When a carrier denies coverage, does it matter how the company has handled similar claims for other policyholders? Can a policyholder look at the claim files the carrier has created and maintained in connection with other claims?
For the lawyers on both sides of a coverage lawsuit, questions about what the carrier must disclose in discovery can be outcome determinative. Policyholders and carriers have spent vast amounts of energy, money, and printer ink over the years fighting about whether, for example, the insured is entitled to discover how much the carrier has reserved on the claim, or what the carrier might have told its reinsurer about the claim. As policyholder counsel, I have never thought that it should be a particularly close question whether information of this kind is at least discoverable.
In every state, there are rules and court decisions that say, in sum and substance, that a party can obtain anything in discovery that is relevant and that might lead to the disclosure of admissible evidence. Courts view discovery as an “open season on the facts.” The amount of money a carrier reserves on a claim reflects the adjuster’s view about how much the company might have to pay to resolve it. Surely that information says something relevant about the carrier’s position on the claim.
Likewise, insurance companies nearly always have their own insurance coverage, called reinsurance, to cover some or all of the amounts that it pays its policyholder on a particular claim (or class of claims). If the carrier is telling its policyholder that the claim is clearly excluded while, at the same time, it is telling its reinsurer that there is a high probability that the claim will be covered, an interest in the search for the truth would seem to compel that those admissions should come to light. As Justice Benjamin Cardozo once said, “Sunshine is the best disinfectant.” Remarkably, though, policyholders have lost the quest for disclosure of this kind of information frequently enough to make it an issue that has to be fought on a case-by-case basis.
It isn’t a heavy lift for a court to order production of other claim files when the issue is the carrier’s pattern or practice of claim handling. But aren’t those same files also relevant to other claim handling issues?
In Florida, as in some other states, there is a statute that provides a civil remedy to a policyholder for an insurer’s bad-faith handling of a claim. The Florida law also provides that the policyholder may be entitled to punitive damages if it can show that the acts of bad-faith claim handling “occur with such frequency as to indicate a general business practice.” One sensible place to look for evidence of a general business practice would be the claim files that the carrier kept in connection with other, similar, claims for coverage. That is precisely what the policyholder sought in First Coast Energy LLP v. Mid-Continent Casualty Co. (download a pdf of the decision here).
The case involved a claim under a pollution liability policy that the carrier had denied. A trial court rejected the denial and entered judgment in favor of the policyholder, First Coast Energy, which then brought another lawsuit in the U.S. District Court for the Middle District of Florida, claiming that the denial had violated the Florida bad-faith statute. The carrier rejected the policyholder’s request for production of claim files relating to other policyholders’ claims for coverage under similar pollution liability policies.
The district court came down firmly on the side of the policyholder and required the carrier to produce the files. (Although this unpublished decision was issued in May 2013, it is just now receiving wide attention among people who care about these kinds of things.) Interestingly, under Florida law the insurer cannot protect work product — that is, materials prepared in anticipation of litigation, which is usually subject to a privilege from disclosure — that it chooses to place in a policyholder’s claim file.
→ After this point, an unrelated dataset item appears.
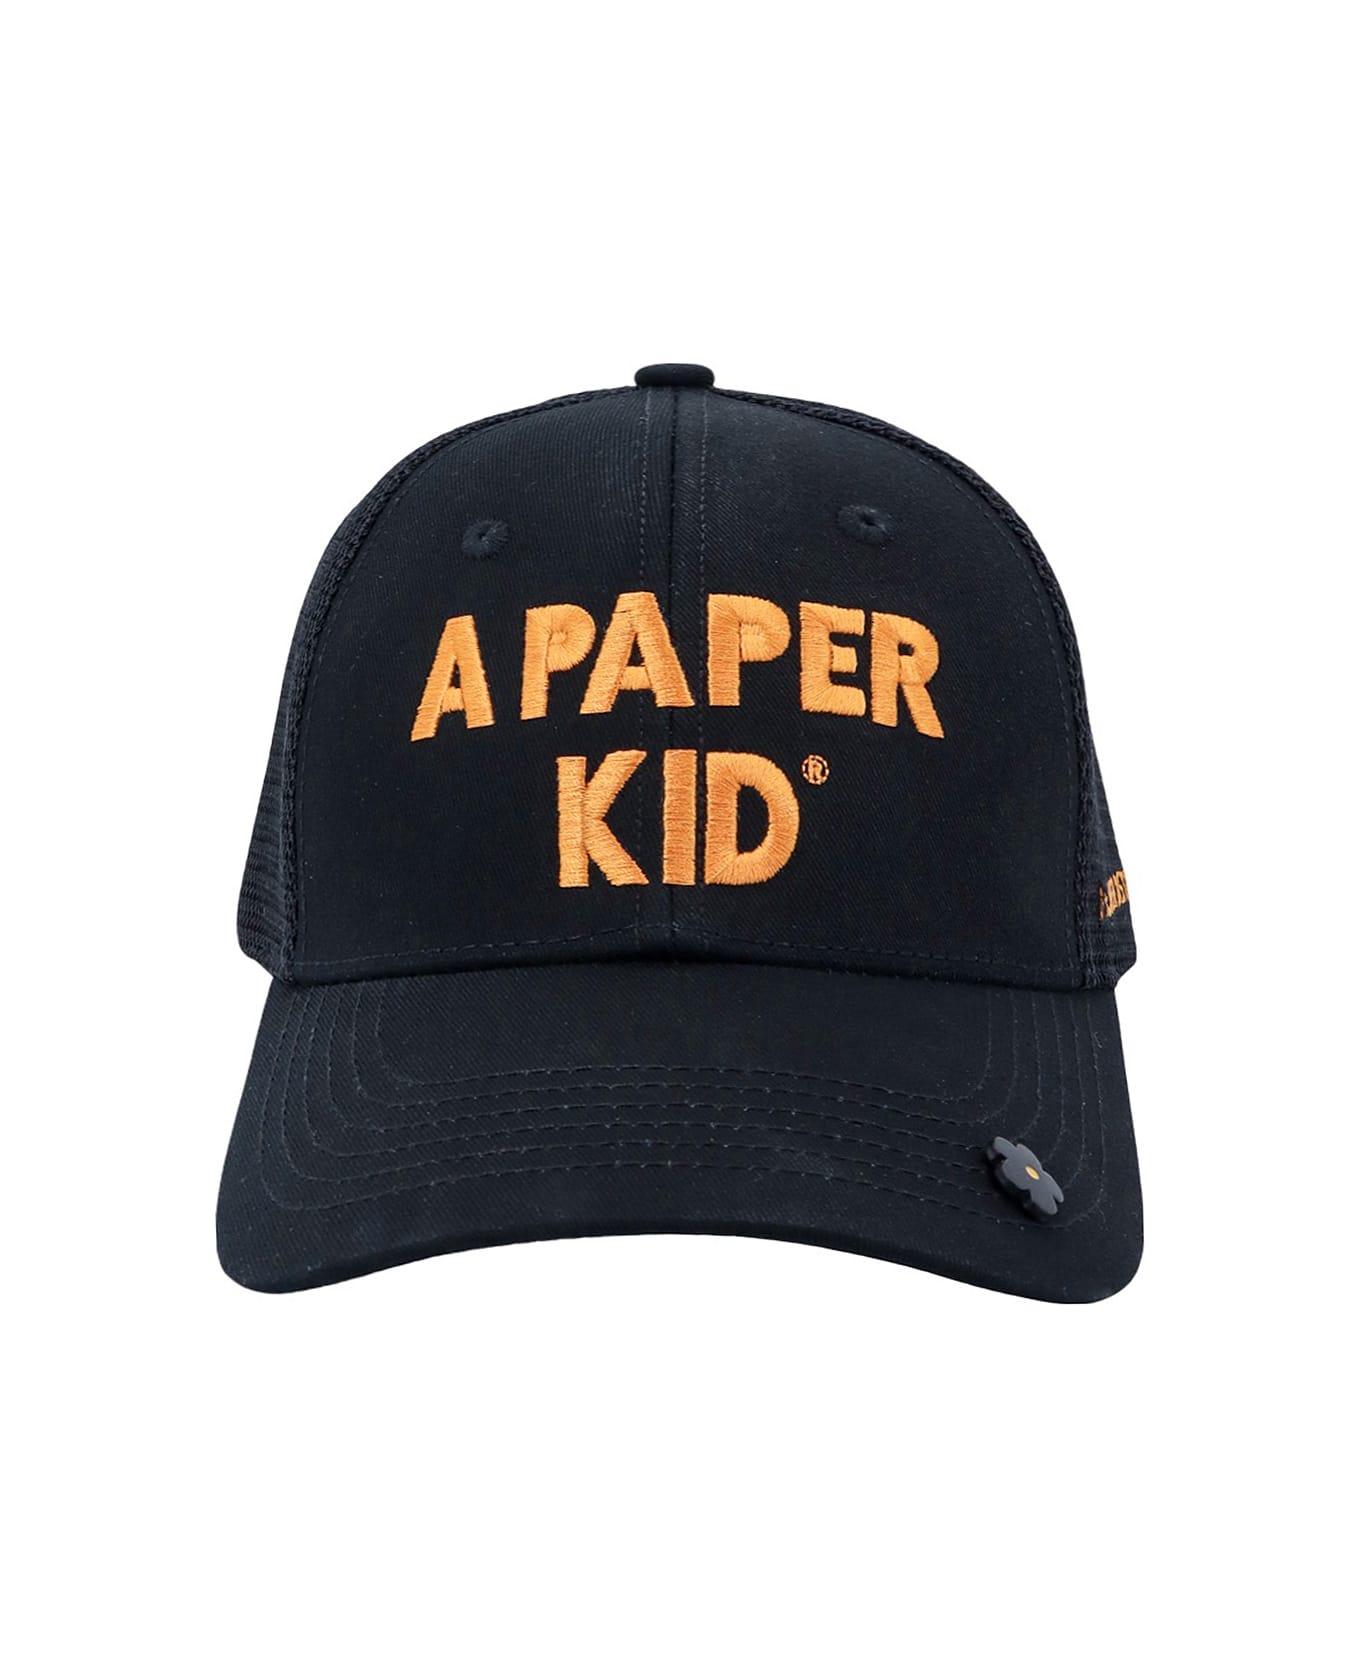 A Paper Kid Hat - Nero

Consistent with this rule, the First Coast Energy court held that the carrier would have to produce all of the materials in the other-policyholders’ files, including work product and excluding only any material subject to the attorney-client privilege.
It isn’t, perhaps, a particularly heavy lift for a court to grant discovery of other claims files where the issue is whether the carrier engaged in a pattern and practice of bad-faith claim handling. Where else would a policyholder find information relevant to that issue? A more interesting question is: Why wouldn’t this information also be relevant to the initial claim denial, irrespective of bad faith or pattern and practice? Evidence of a carrier’s disparate treatment of similar policyholders under the same policy language and under similar circumstances is relevant to (that is, it has a tendency in reason to prove) any number of questions that often arise in coverage litigation. The one that comes readily to mind is whether policy language is ambiguous.
An insurance policy is ambiguous when it is reasonably susceptible to inconsistent interpretations or meanings. The question can be important because of the rules of contract construction that courts almost universally apply to insurance policy interpretation. Because insurance policies are drafted by the insurance industry and sold to all policyholders on a take-it-or-leave-it basis, courts construe ambiguities in policy language against the drafter and in favor of coverage. If different insurance company adjusters come to different coverage conclusions when making decisions about the same policy language under the same circumstances, there can be no legitimate question that this is relevant to whether the policy language in question is ambiguous.
If, as the First Coast Energy decision makes clear, other policyholders’ claim files are discoverable because they are relevant to the question whether a carrier engaged in a pattern and practice of bad-faith claim denial, why wouldn’t those same kinds of claim files be discoverable when they are relevant to other questions that arise in coverage cases? The honest answer is: They should be.